| Your objective |
Quote the lines of the data below verbatim, beginning at the line that contains "Ciutadella, Minorque. June" and ending at the last line, both included, and excluding pictures.

| Raw data |
# # #

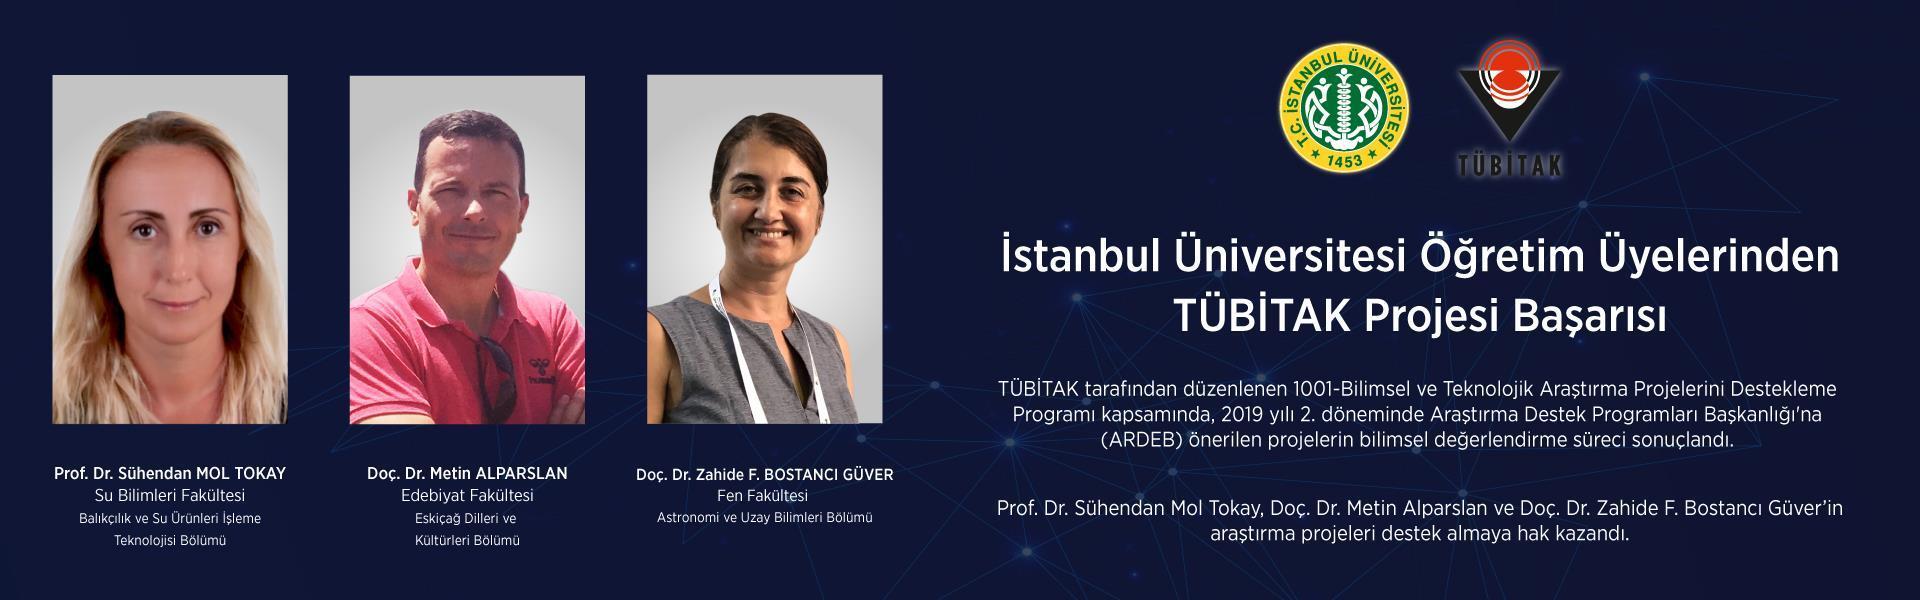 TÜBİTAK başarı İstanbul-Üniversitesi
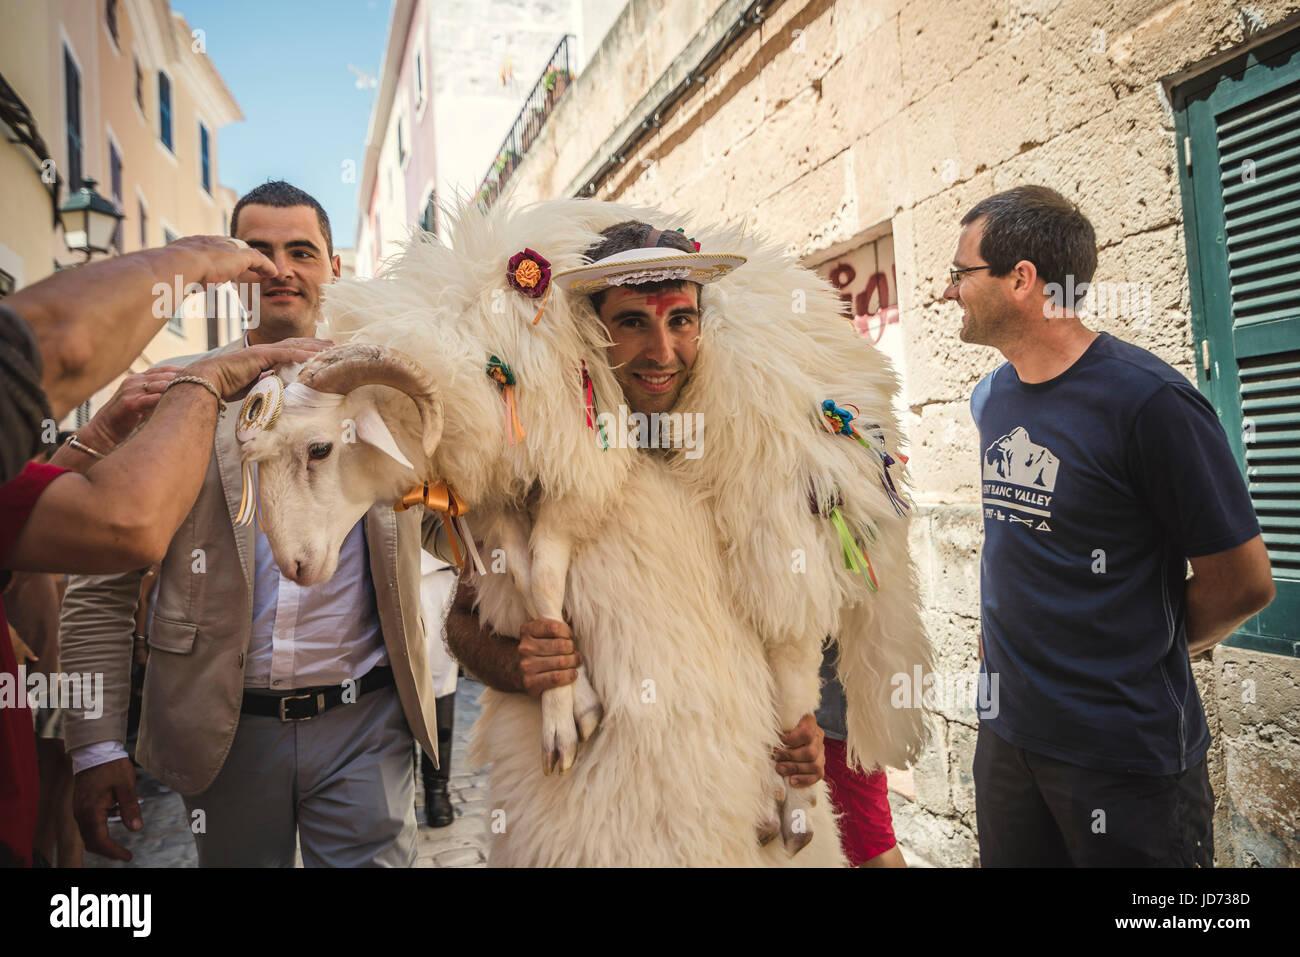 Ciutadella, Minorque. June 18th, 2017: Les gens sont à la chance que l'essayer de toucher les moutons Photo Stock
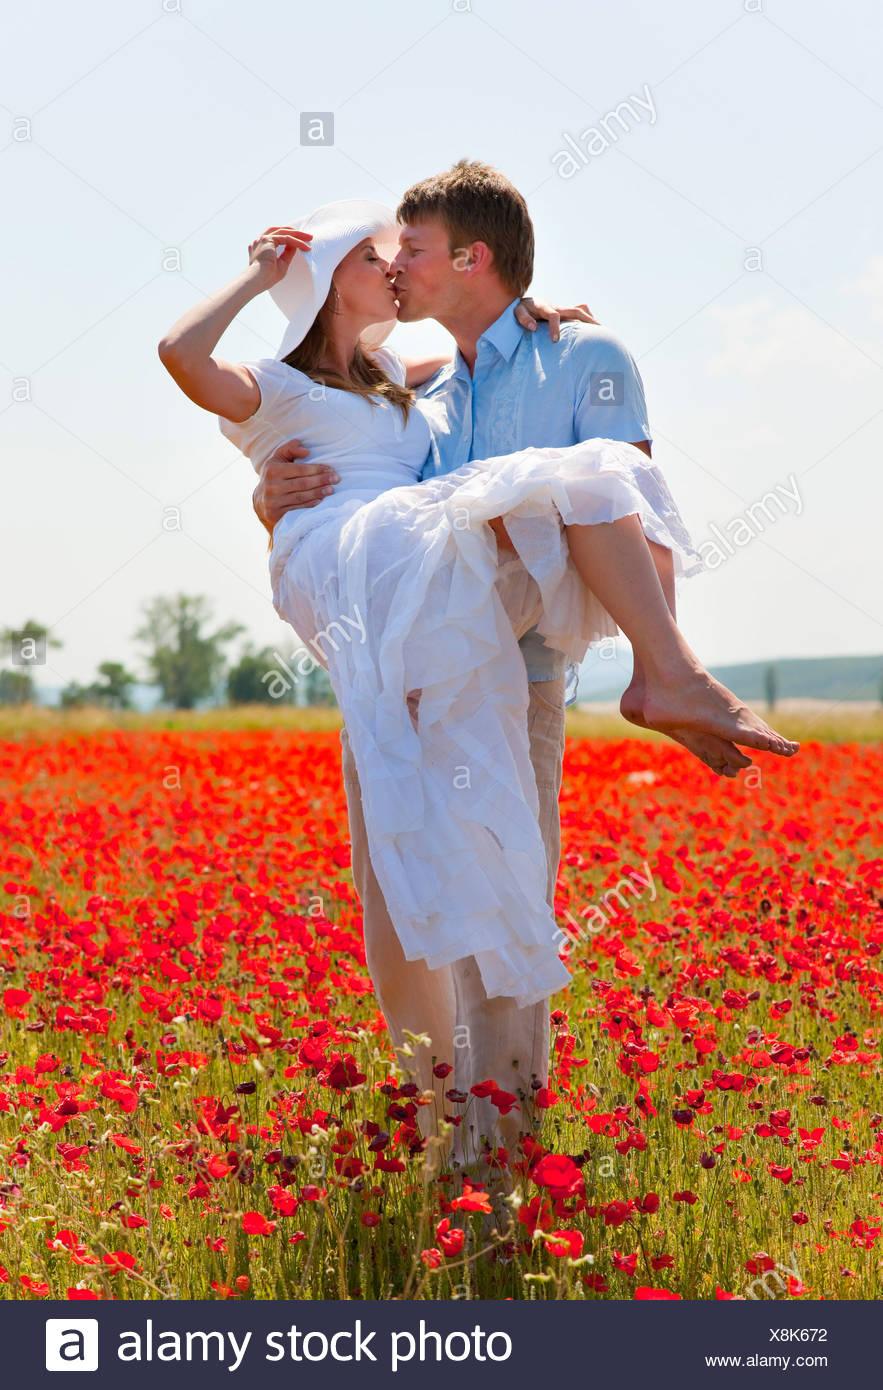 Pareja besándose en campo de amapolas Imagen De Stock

# # #

| Your response |
 Ciutadella, Minorque. June 18th, 2017: Les gens sont à la chance que l'essayer de toucher les moutons Photo Stock
 Pareja besándose en campo de amapolas Imagen De Stock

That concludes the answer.